En plein été, le président Emmanuel Macron a réuni le Conseil de défense et de sécurité nationale pour une session exceptionnelle, dans un contexte marqué par la vigilance et la fermeté. L’objectif annoncé : freiner la progression des Frères musulmans sur le territoire français, un mouvement dont l’influence suscite depuis plusieurs années de vives inquiétudes. Cette réunion fait suite à la publication, au mois de mai, d’un rapport alarmant pointant un « enracinement par le bas » de la confrérie, capable, selon les experts, de fragiliser le lien social et la cohésion nationale.

Lors de cette rencontre, le chef de l’État a présenté une batterie de mesures concrètes : gel des fonds et des donations, création de nouveaux outils de sanctions financières et administratives, et élaboration d’un projet de loi visant à renforcer ces dispositifs avant la fin de l’année. L’automne prochain sera également l’occasion d’un dialogue avec le Forum de l’islam de France (Forif), afin de confronter les points de vue et de préciser les axes de coopération.

Une présence diffuse mais structurée

Les analyses des services de renseignement et des chercheurs spécialisés révèlent une implantation de plus en plus structurée. Les réseaux liés aux Frères musulmans s’infiltrent à travers les mosquées, les associations sportives et culturelles, ainsi que diverses initiatives sociales. Selon les chiffres rapportés par plusieurs médias et la chercheuse Hélène de Luzon, le nombre de membres aurait doublé depuis 2019, passant de 50 000 à près de 100 000.

Cette progression s’accompagne d’une visibilité accrue des pratiques religieuses dans l’espace public et professionnel, et d’une expansion des services et produits halal. Le Centre européen d’études du renseignement et de la sécurité souligne que la confrérie a su bâtir une « double puissance », intellectuelle et financière, nouant des liens avec certains acteurs politiques locaux. Parmi les quelque 250 associations islamiques recensées en France, une cinquantaine seraient directement liées aux Frères musulmans et certaines viseraient un projet politique à long terme, inspiré par le modèle califal.

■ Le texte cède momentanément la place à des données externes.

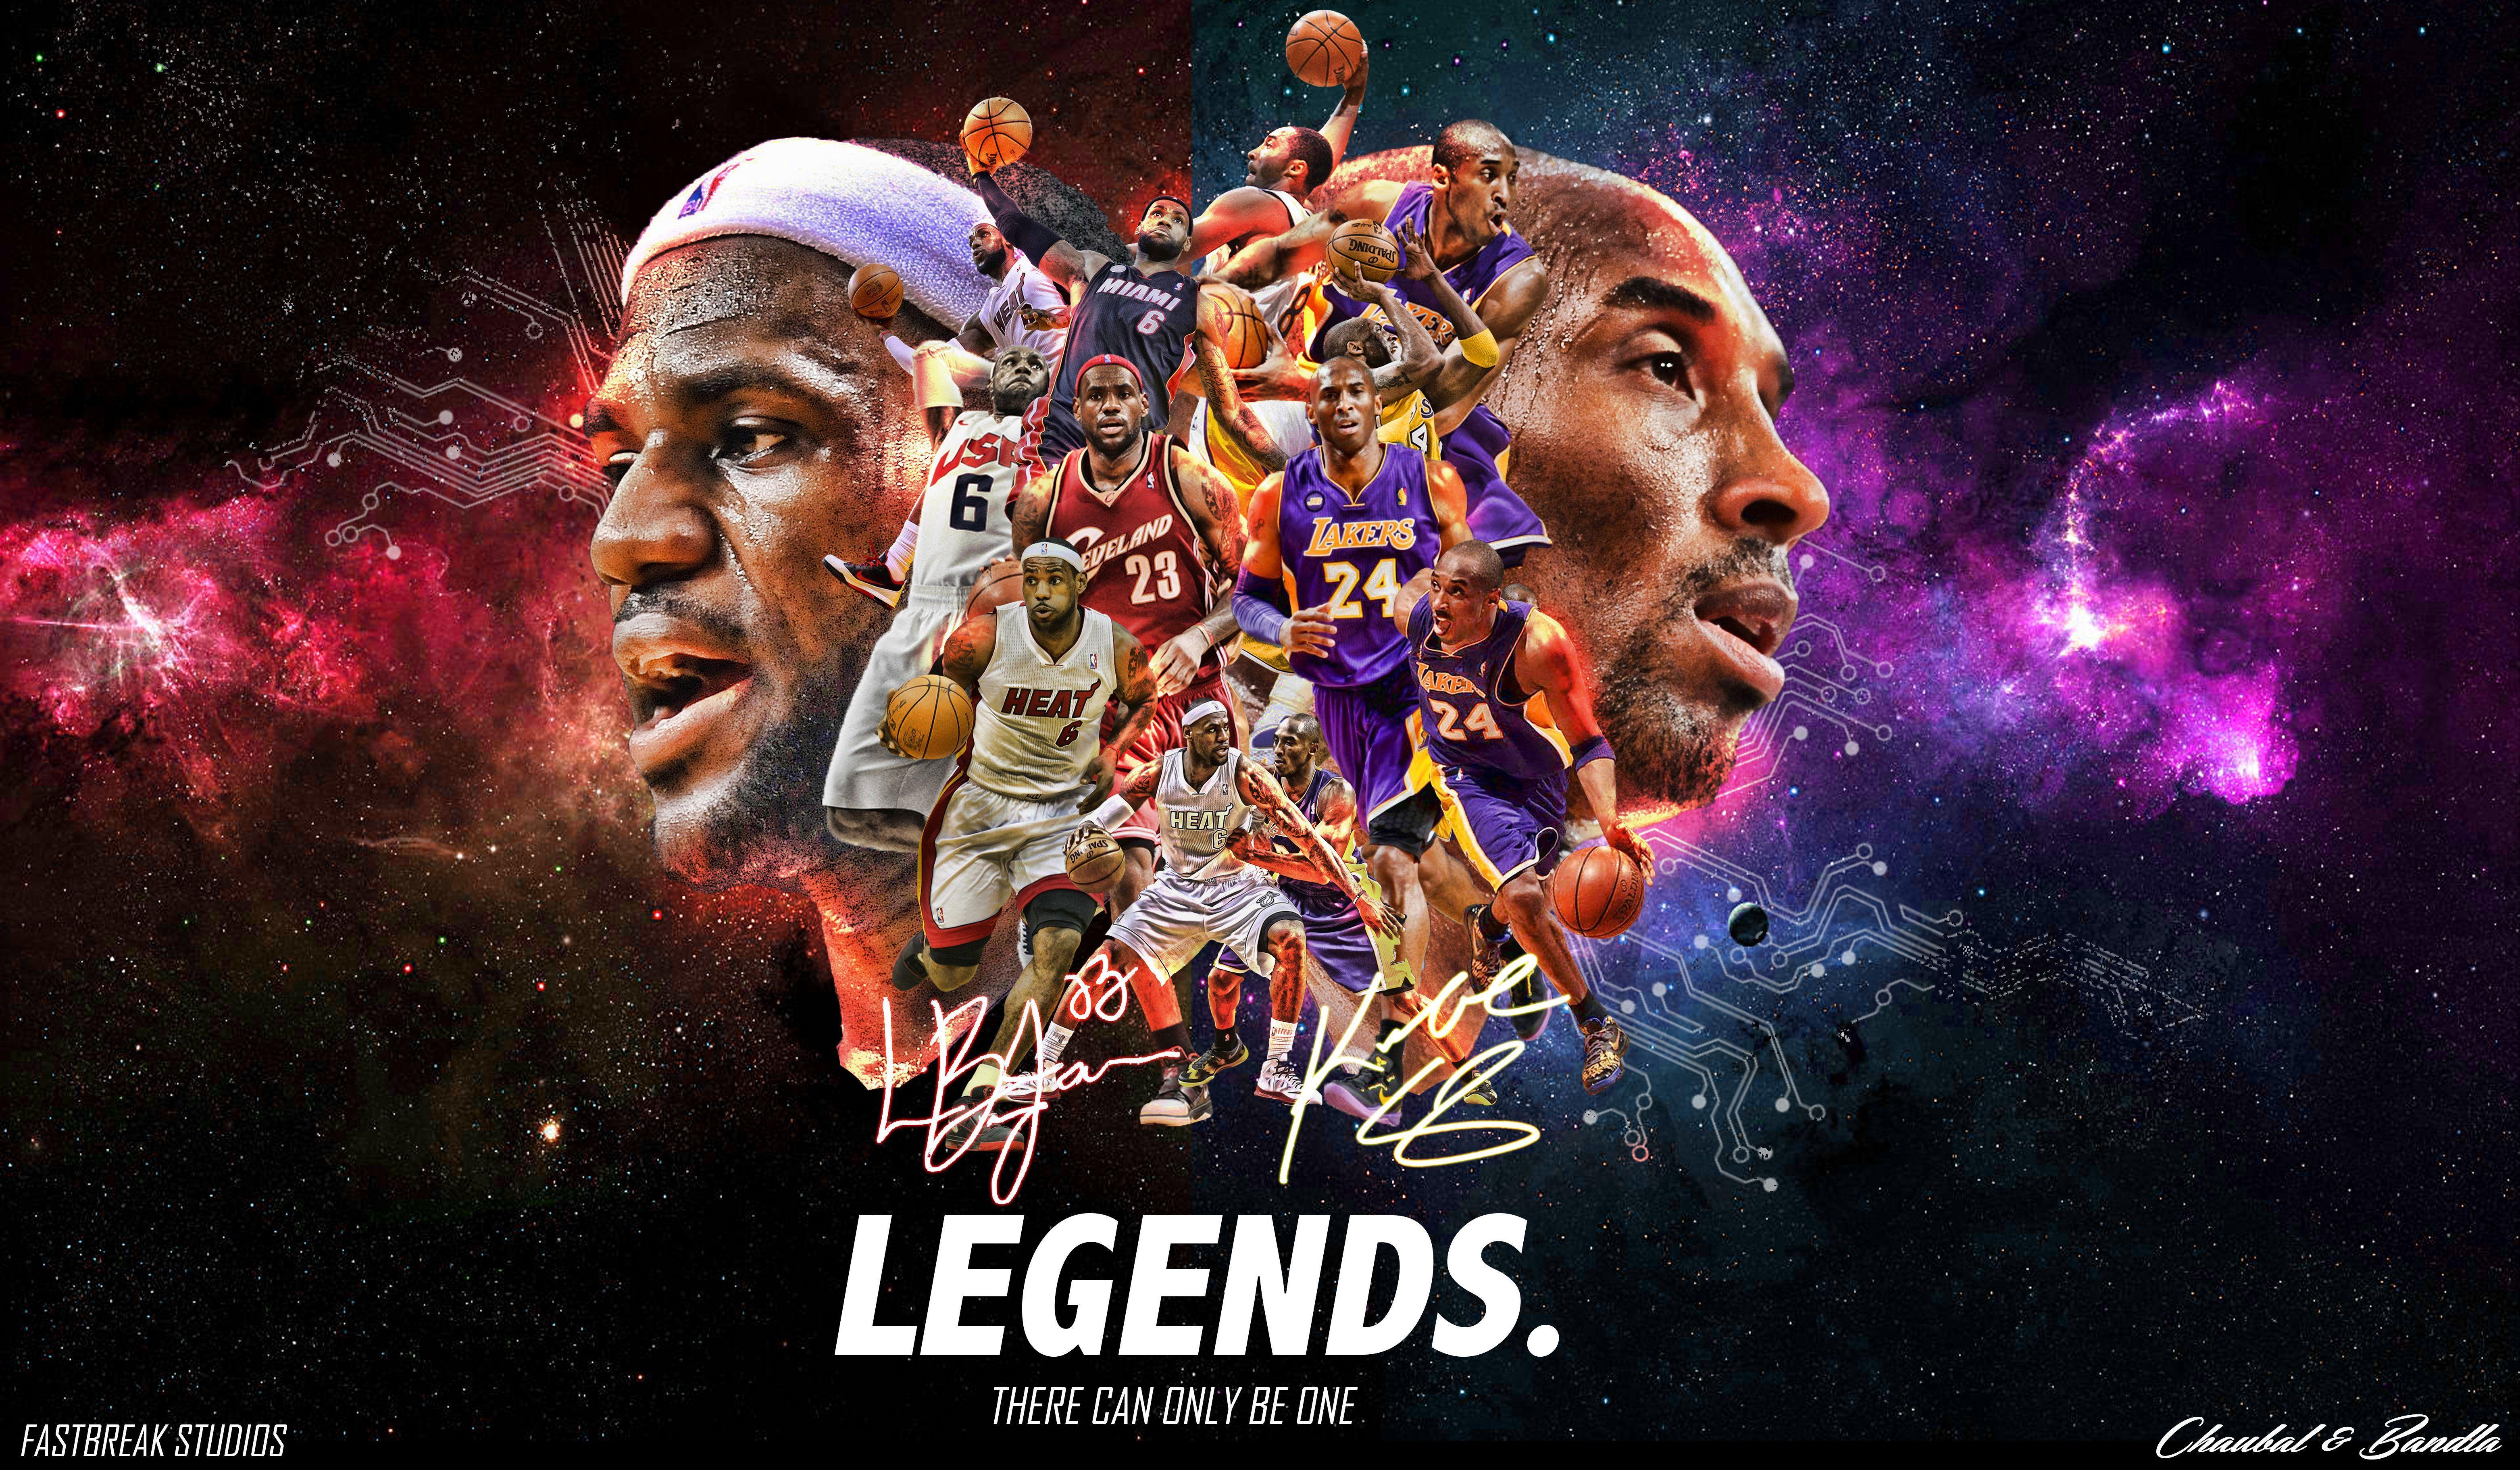 Dope Nba Wallpaper: Nba Legends Wallpaper

L’influence financière sous contrôle             

Le financement de la confrérie reste une préoccupation majeure. Des enquêtes journalistiques ont mis en lumière l’existence d’une vingtaine de fonds de dotation servant de relais financiers, dont huit ont déjà été interdits. Les structures associatives légales permettent ainsi de diffuser l’idéologie de la confrérie tout en plaçant ses membres dans des postes stratégiques, créant un réseau d’influence discret mais efficace.

Les autorités soulignent que cette emprise, même sans acte violent, constitue une menace pour les institutions républicaines et le lien social. Les attentats tragiques de ces dernières années Charlie Hebdo en 2015, Nice en 2016, ou encore les attaques isolées dans le sud de Paris rappellent l’enjeu de cette surveillance.

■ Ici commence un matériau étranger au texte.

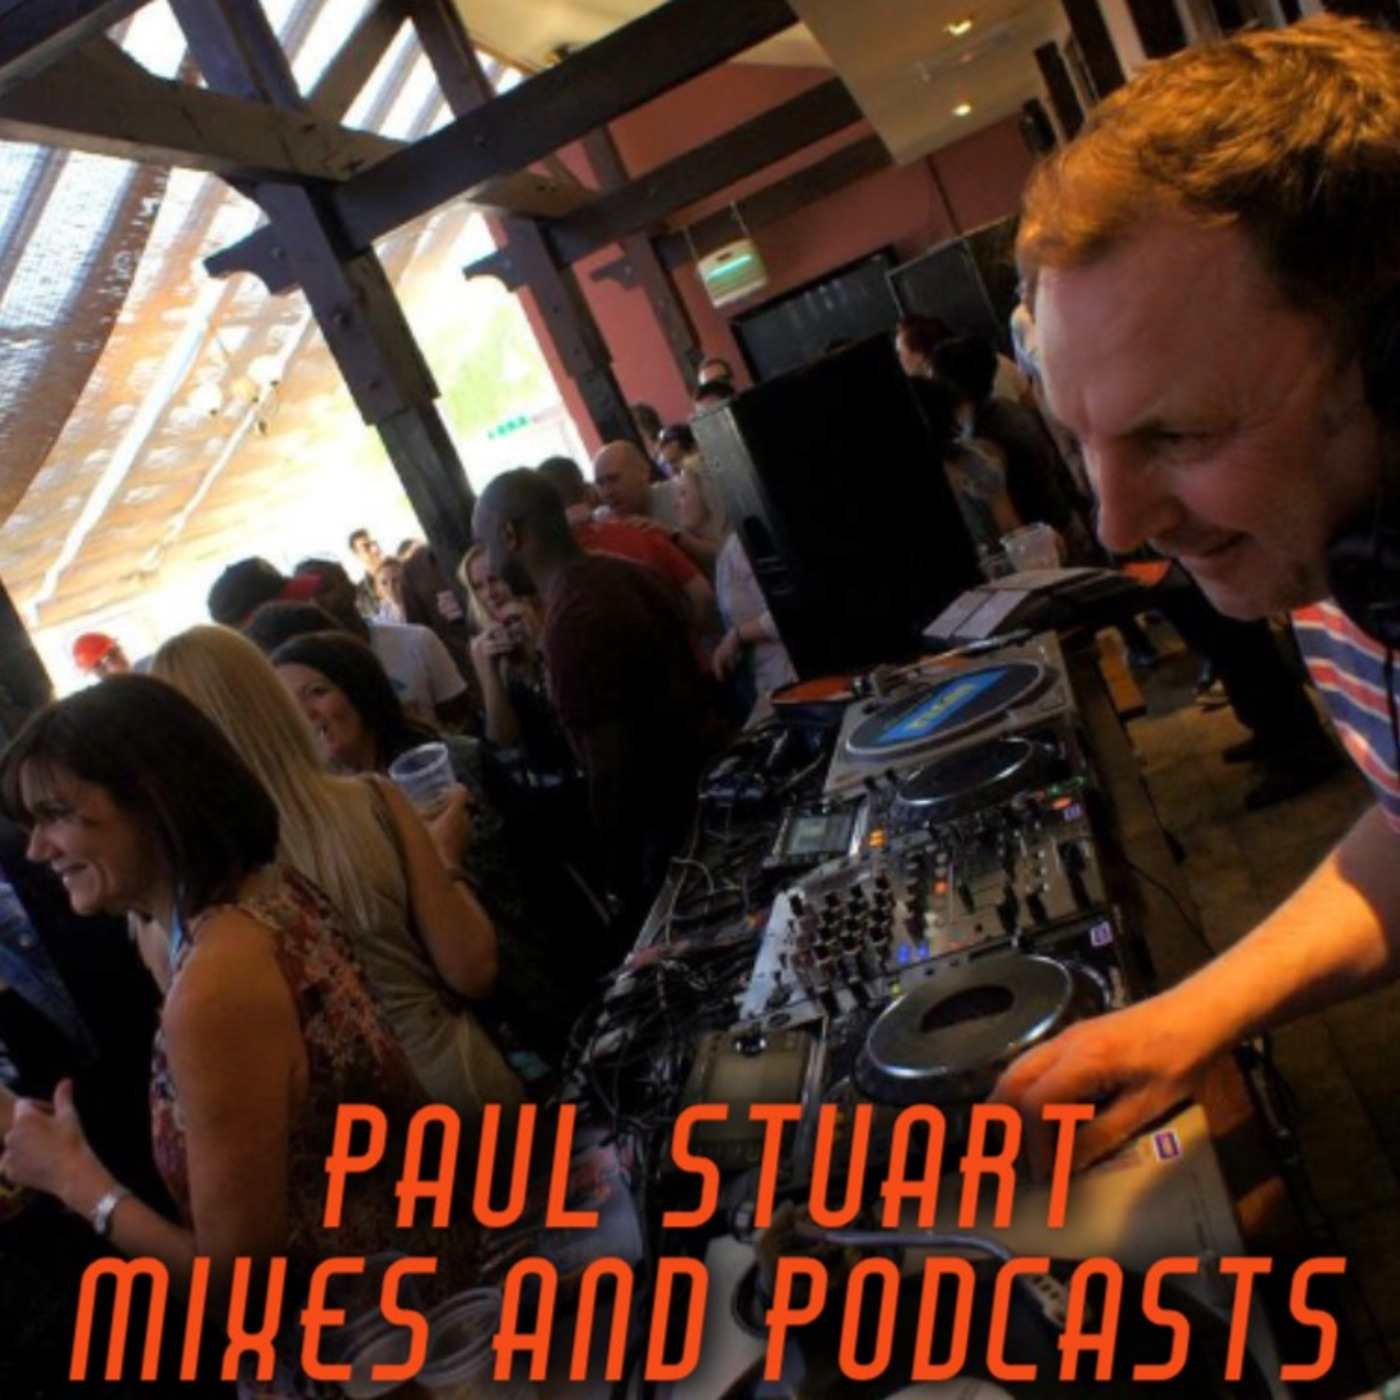 Paul Stuart Mixes and Podcasts

Une problématique européenne

Le phénomène dépasse la France. En Suisse, la question de l’influence des Frères musulmans est désormais discutée au Parlement. La députée Jacqueline de Quattro a demandé un audit approfondi de l’influence religieuse, éducative et sociale afin de vérifier la compatibilité avec la neutralité confessionnelle inscrite dans la Constitution. Dès 2017, un plan de prévention du radicalisme avait été lancé à Berne, avec renforcement des sanctions, élargissement des pouvoirs de la police fédérale et réforme de la loi sur le renseignement.

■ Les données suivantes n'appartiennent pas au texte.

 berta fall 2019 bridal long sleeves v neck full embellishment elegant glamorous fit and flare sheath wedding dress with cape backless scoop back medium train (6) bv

Une stratégie d’influence subtile

Selon les experts, la confrérie repose sur des relais bien identifiés : imams, responsables associatifs et gestion serrée des centres culturels. Cette implantation lui permet de se présenter comme un acteur modéré, intégré et engagé dans la lutte contre l’extrémisme, tout en consolidant son influence sur le long terme.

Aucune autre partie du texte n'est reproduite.